= Nobel Charitable Trust =

Charity

The Nobel Sustainability Trust (NST), formerly known as the Nobel Charitable Trust, is a charity set up by members of the Swedish Nobel family, i.e. descendants of the Ludvig Nobel. Its founders are Michael Nobel, Gustaf Nobel, and Philip Nobel. Its board consists of Peter Nobel, Michael Nobel, Erik Nobel, Stephanie Nobel, and Johan Nobel. The trust started to bestow awards in 2024. The selection of the awards is coordinated by the Institute for Advanced Study of the Technical University of Munich (TUM-IAS).

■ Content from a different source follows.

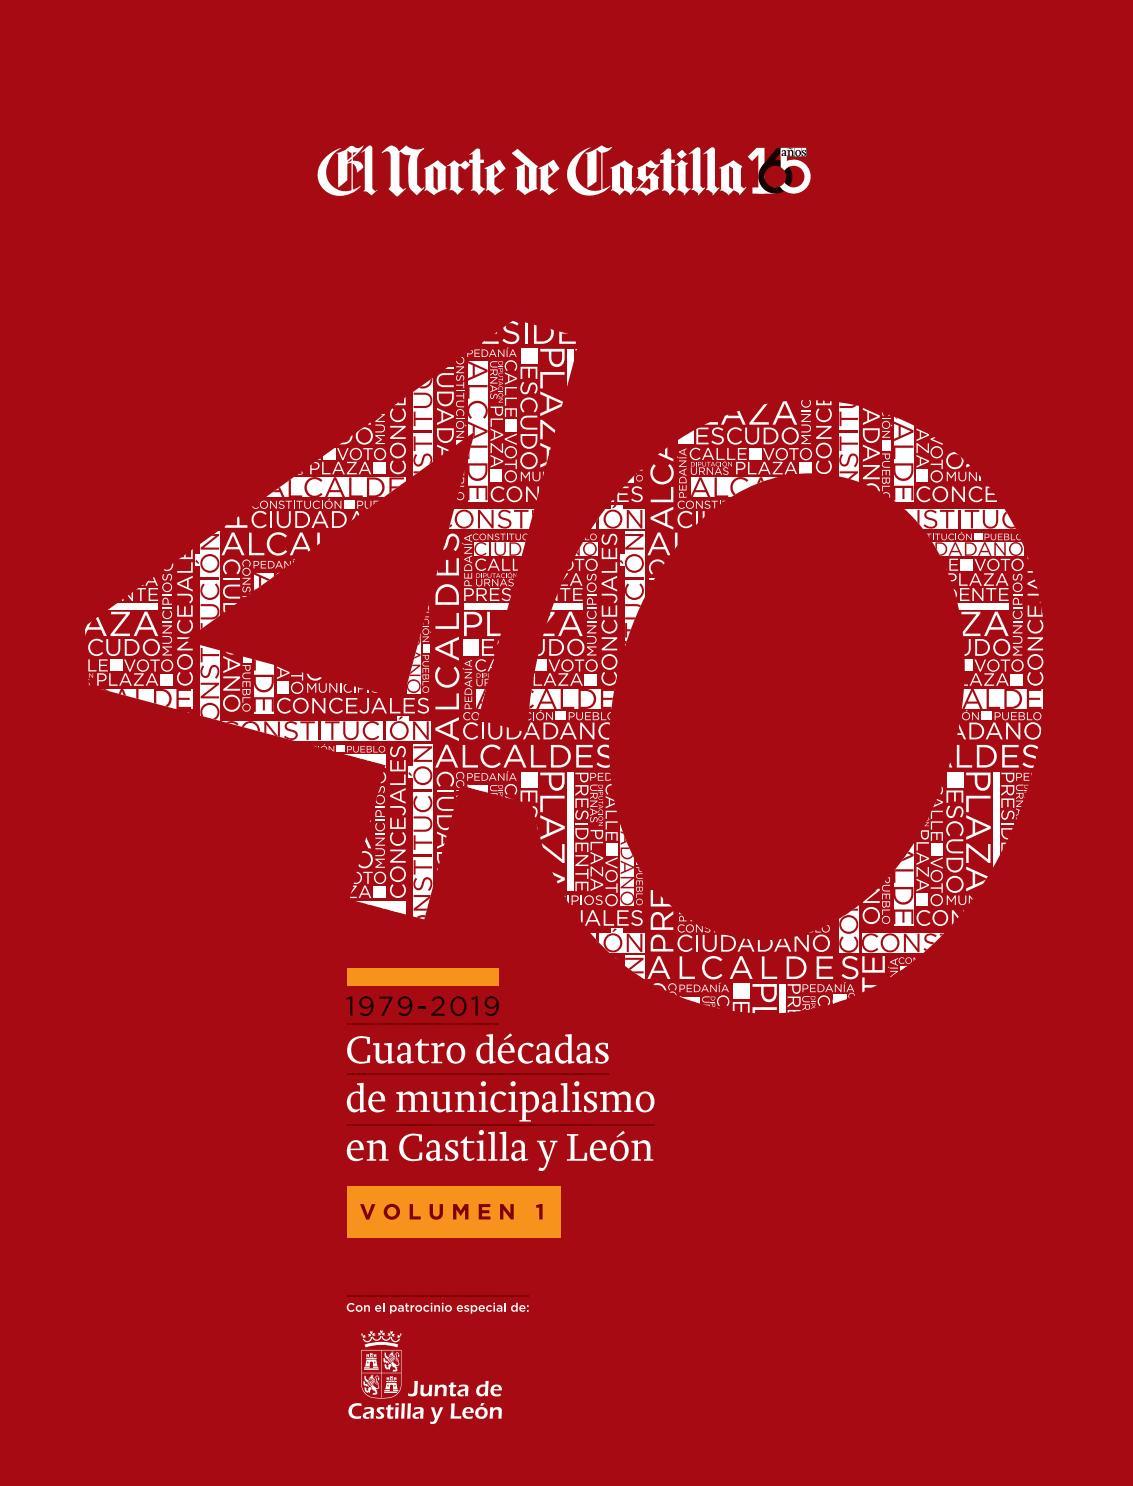 c90767b730d8 40 años de municipalismo - Valladolid - Pueblos by El Norte de Castilla -  issuu

The former Chairman of the Nobel Sustainability Trust is Gustaf Nobel.

== Awards ==
The mission of the Nobel Sustainability Trust Foundation (NST) is to promote sustainable economic growth that preserves and ultimately enhances the living systems on the planet, creates opportunities for people, and harnesses human ingenuity in support of a prosperous common future.

=== 2024 ===
The awardees of the second edition of the Sustainability Award 2024 are

- Dr. Mathis Wackernagel for his contribution to the awareness of climate change and resource constraints through his work on the Ecological Footprint and Earth Overshoot Day,
- Prof. Klaus Butterbach-Bahl for his research work on quantifying greenhouse emissions and his studies on the biosphere-atmosphere exchange, and
- Prof. Jiuhui Qu for developing technologies to ensure safe drinking water in urban and rural areas serving millions of people.

- former UN Secretary-General Ban Ki-moon are the recipients of the Medal of Outstanding Contribution to Sustainability.